● Description of the task
A verbatim transcription of the listing below is required, without its pictures.

● Data provided
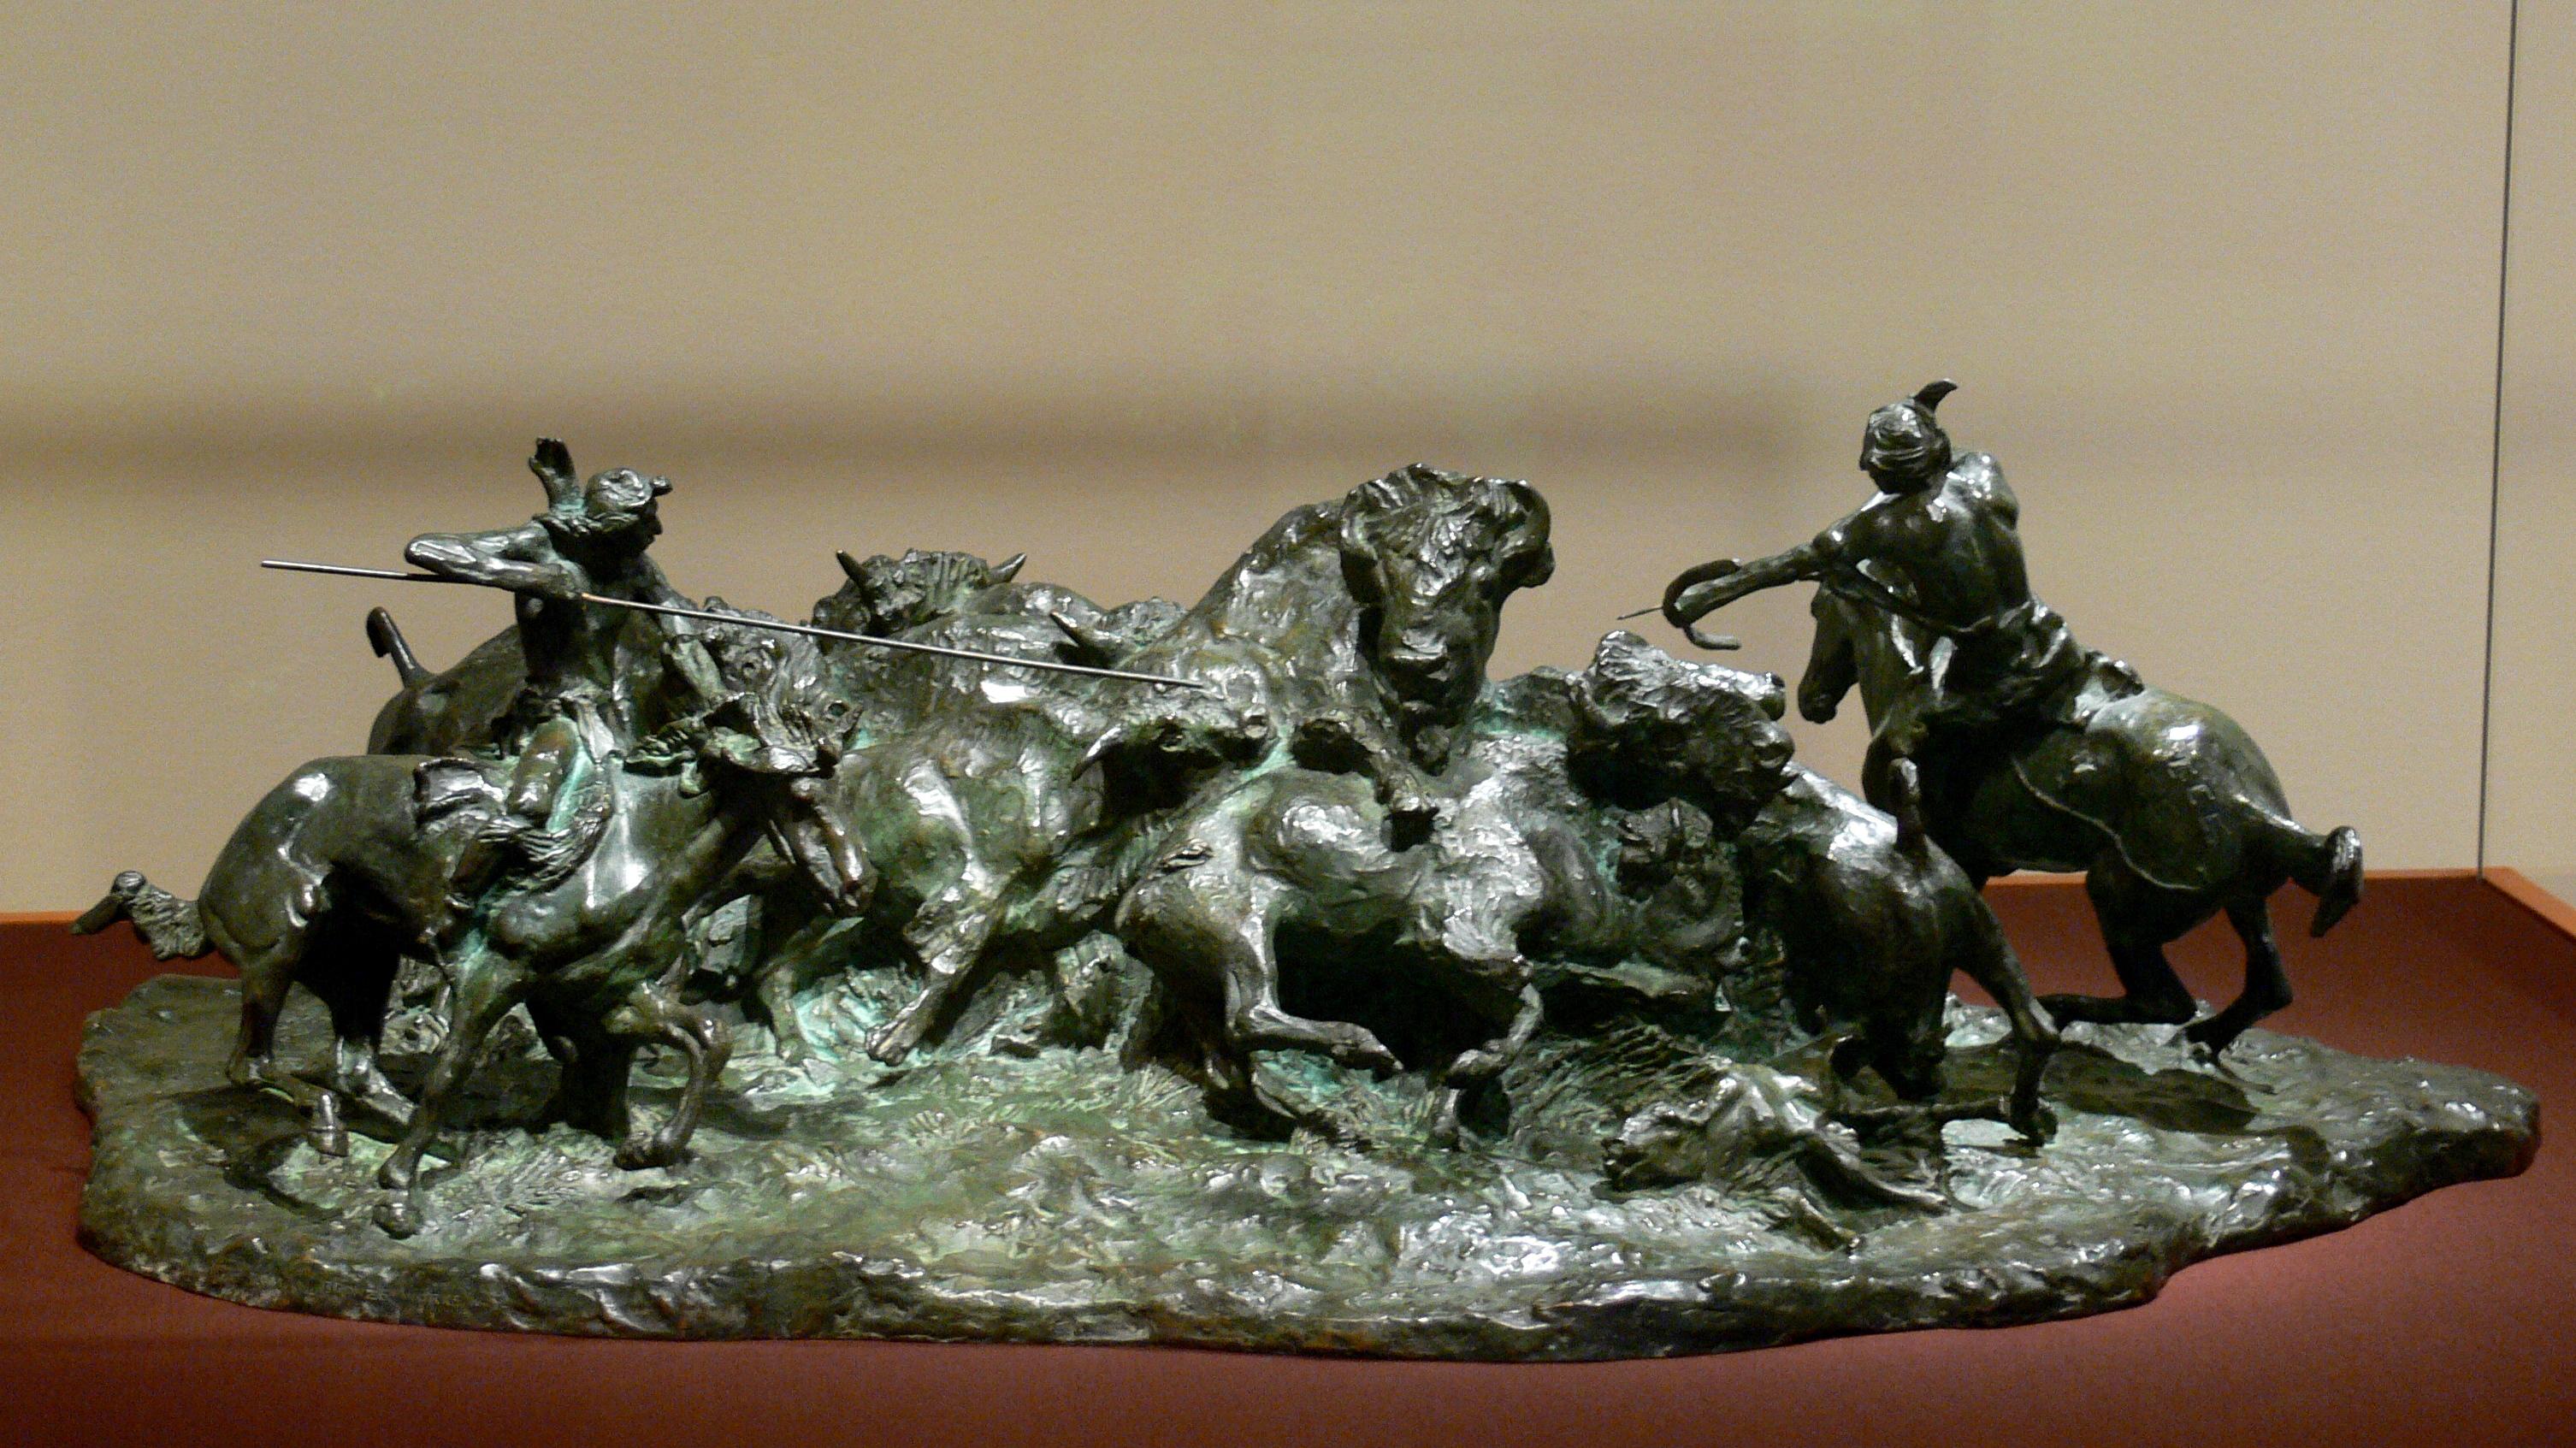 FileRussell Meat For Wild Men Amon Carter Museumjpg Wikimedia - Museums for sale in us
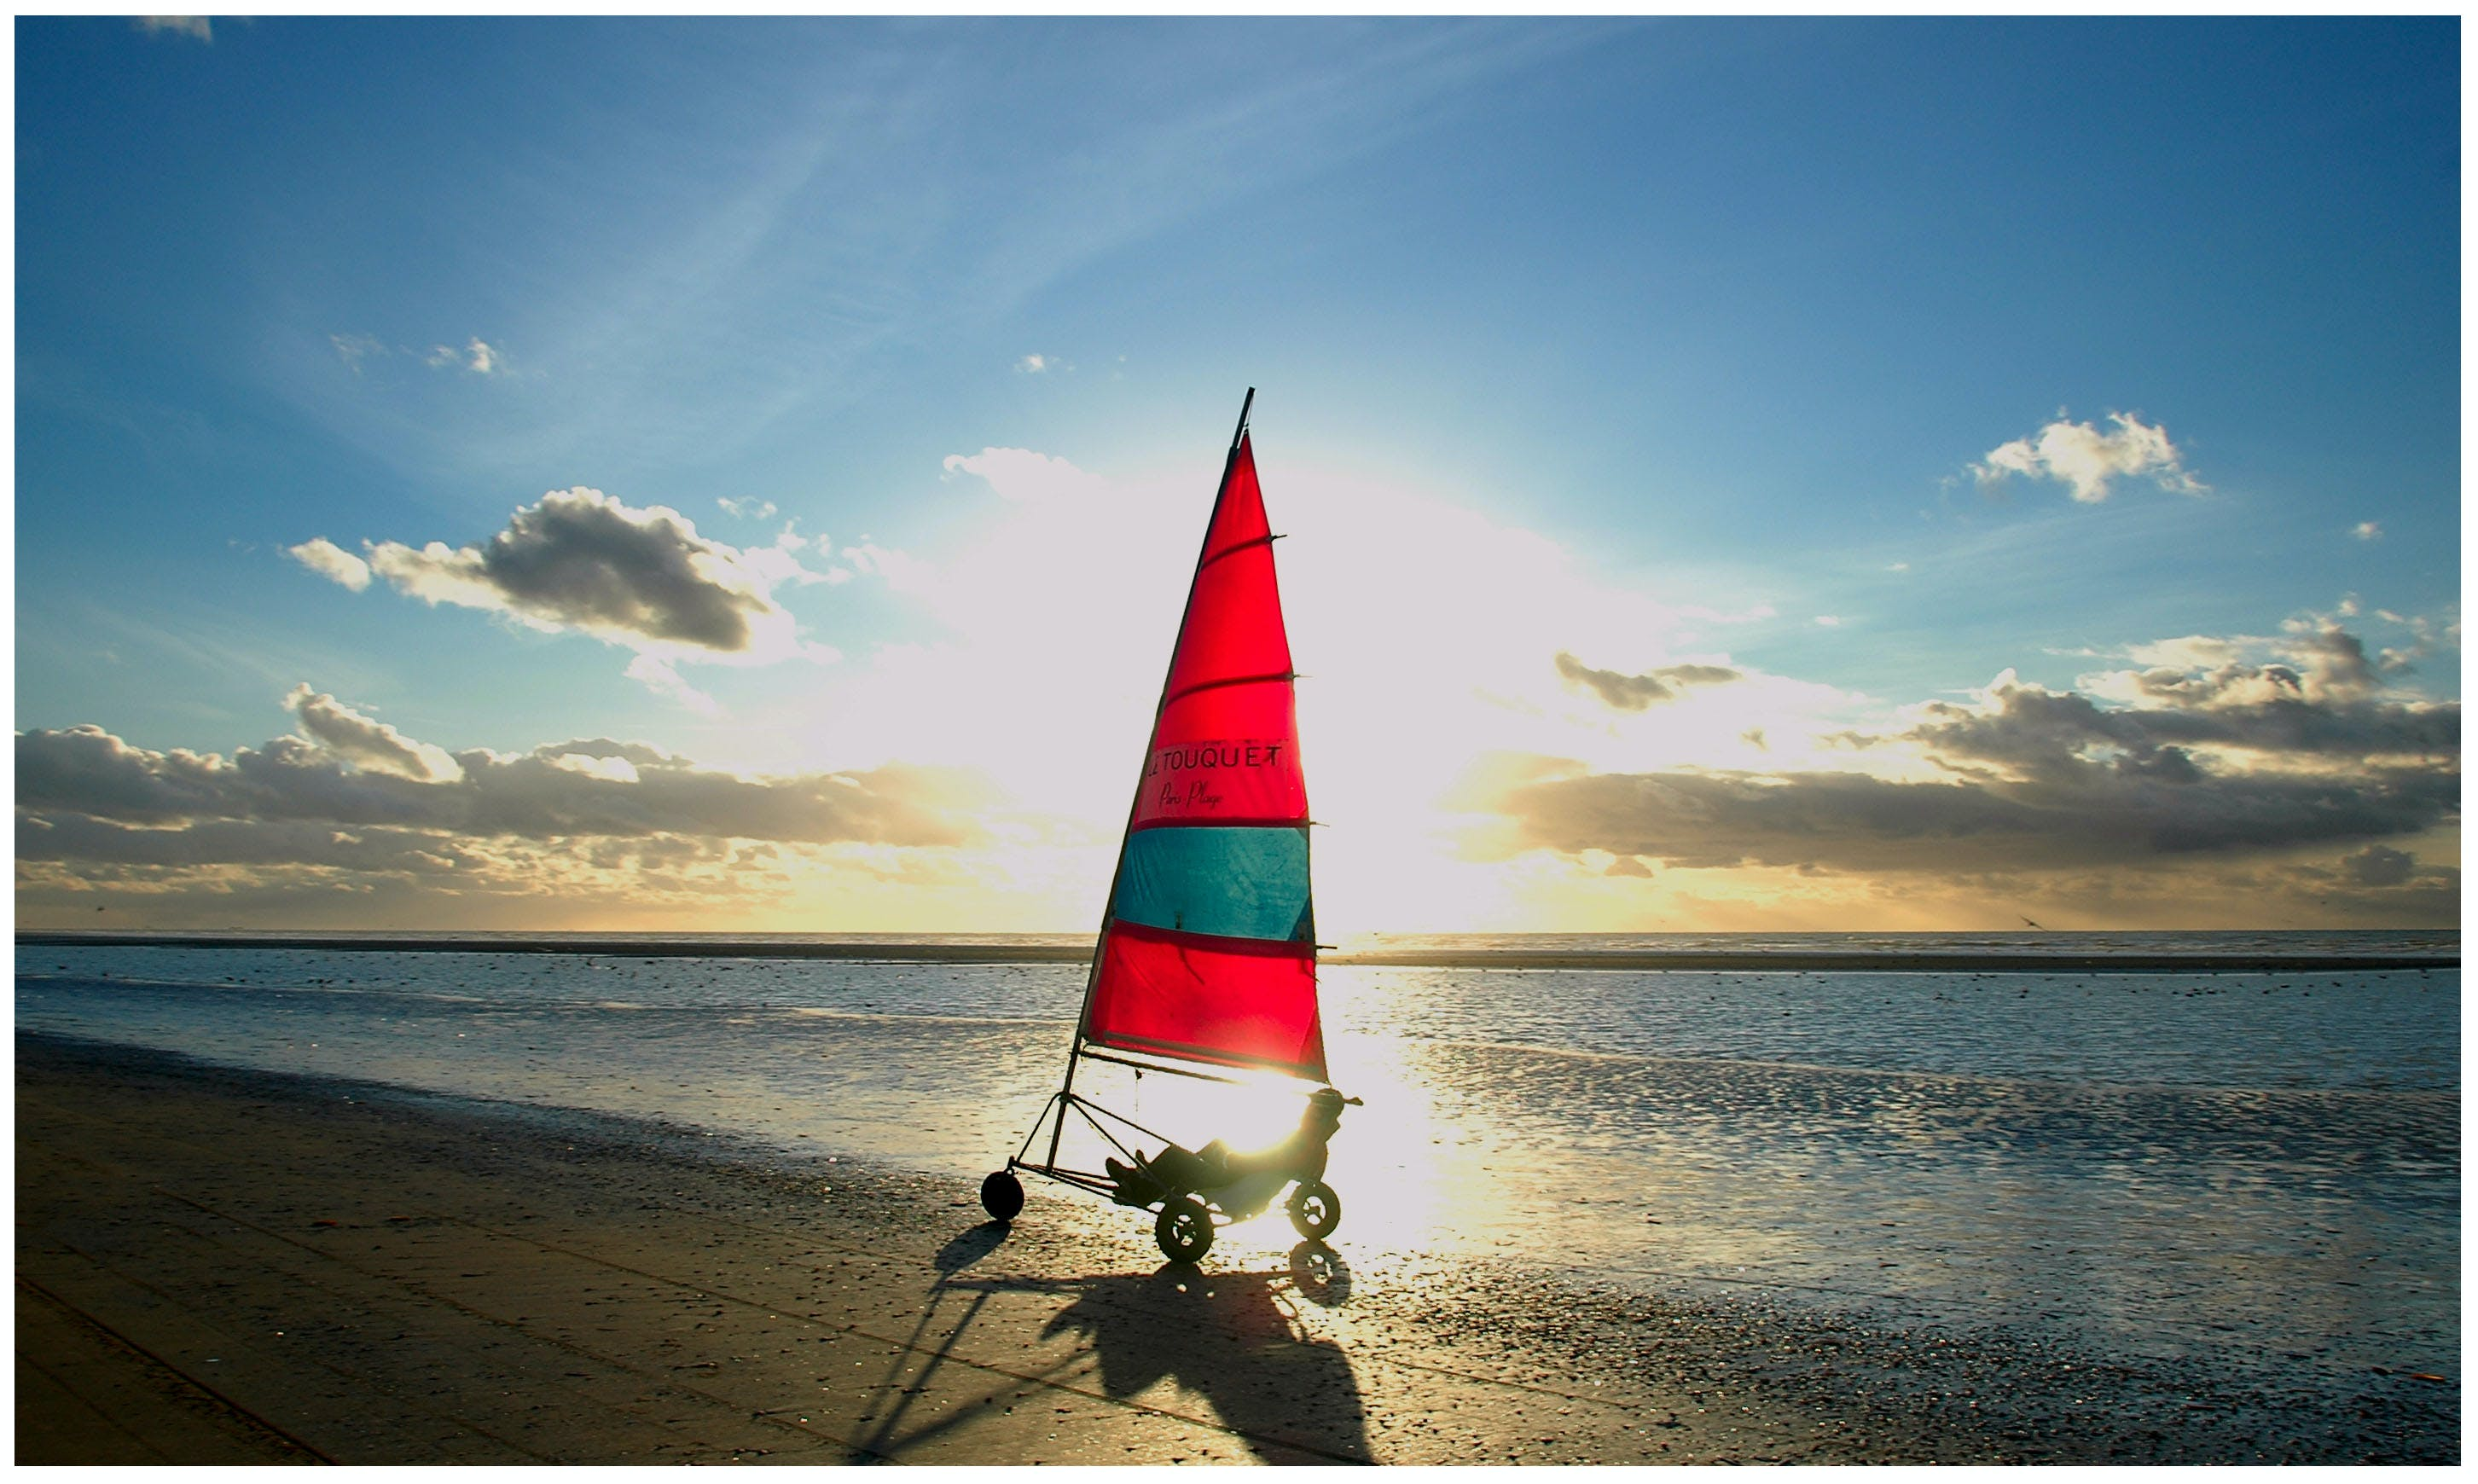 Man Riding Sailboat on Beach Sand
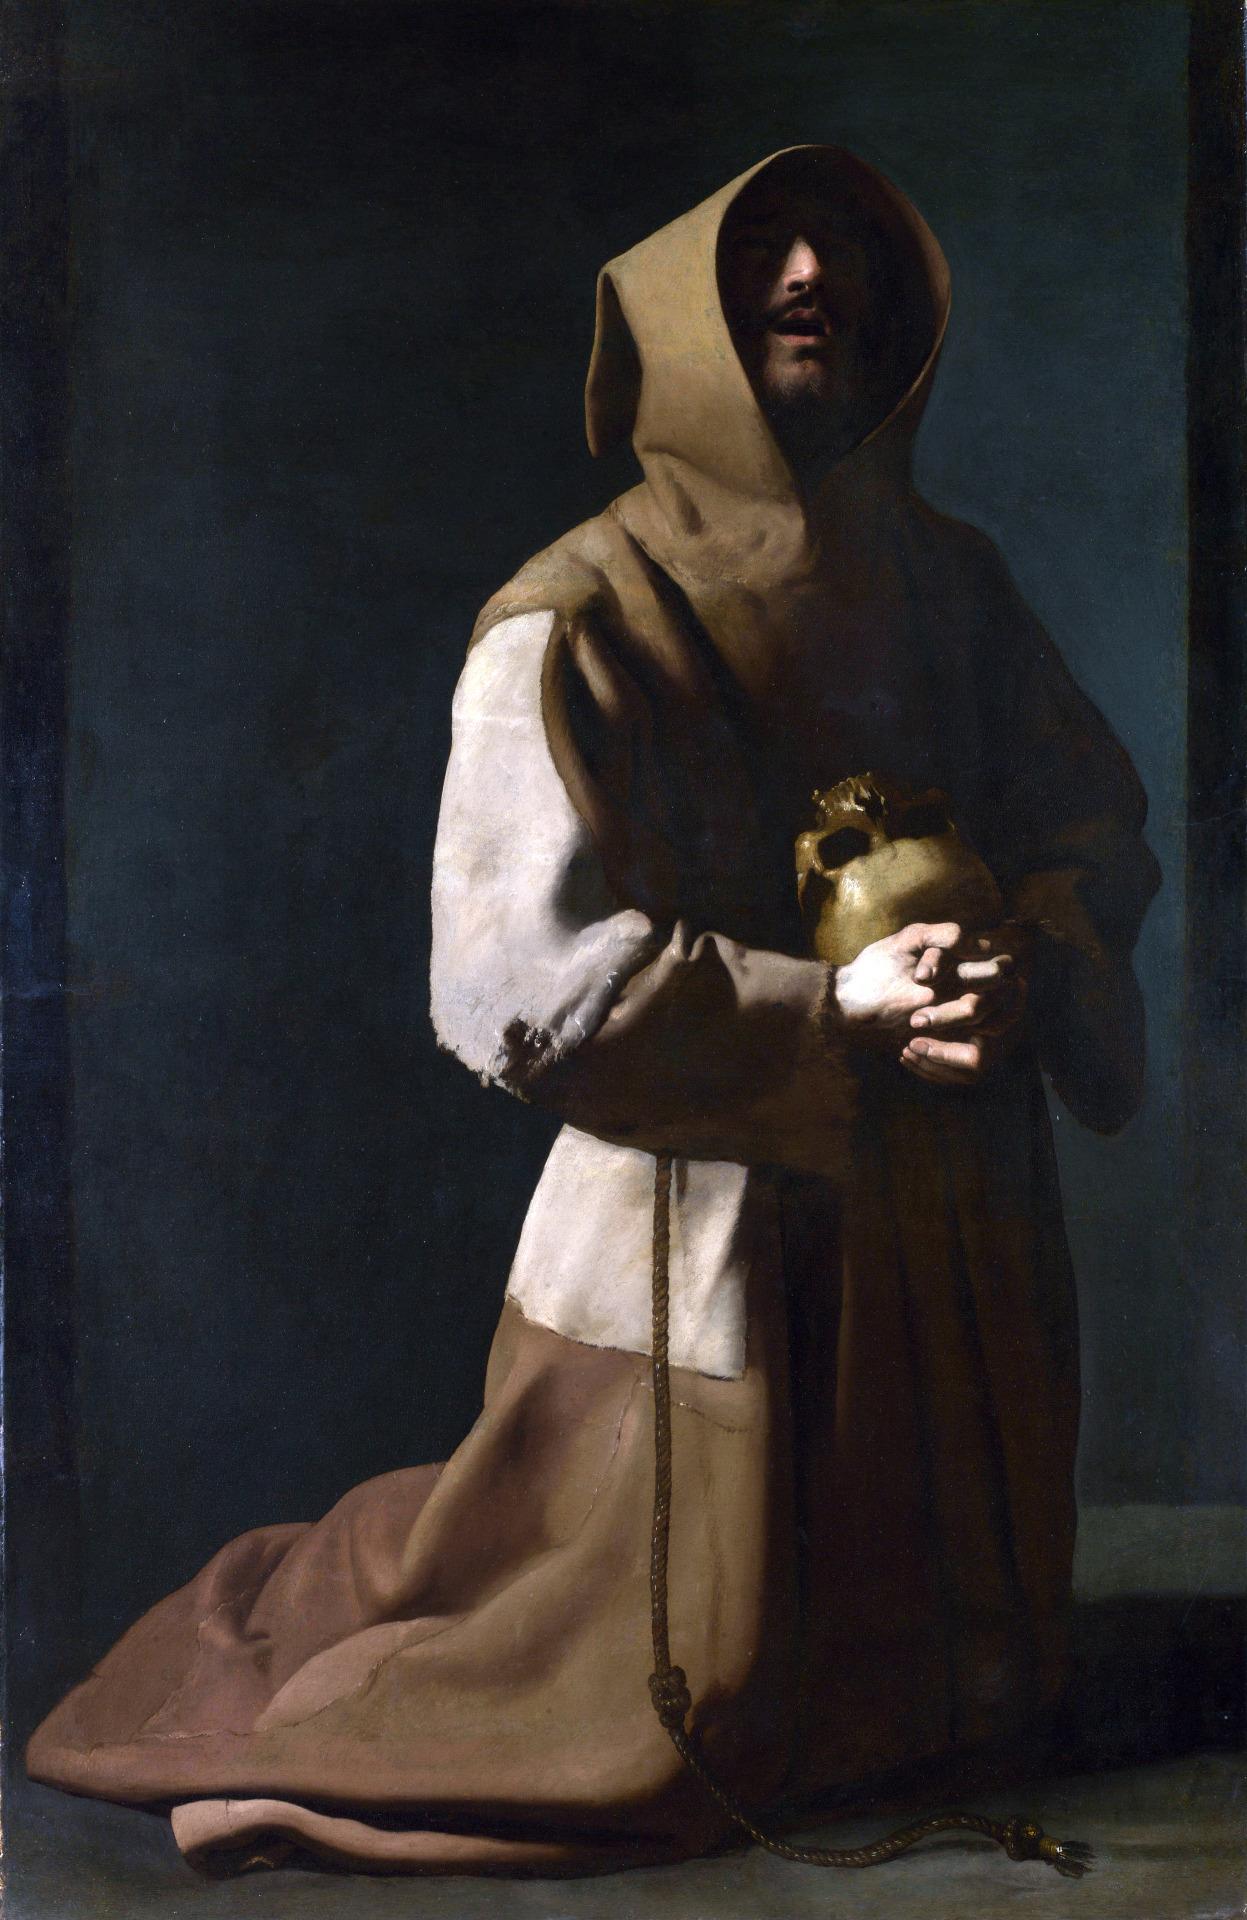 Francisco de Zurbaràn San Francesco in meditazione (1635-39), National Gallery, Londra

● Solution below
 FileRussell Meat For Wild Men Amon Carter Museumjpg Wikimedia - Museums for sale in us
 Man Riding Sailboat on Beach Sand
 Francisco de Zurbaràn San Francesco in meditazione (1635-39), National Gallery, Londra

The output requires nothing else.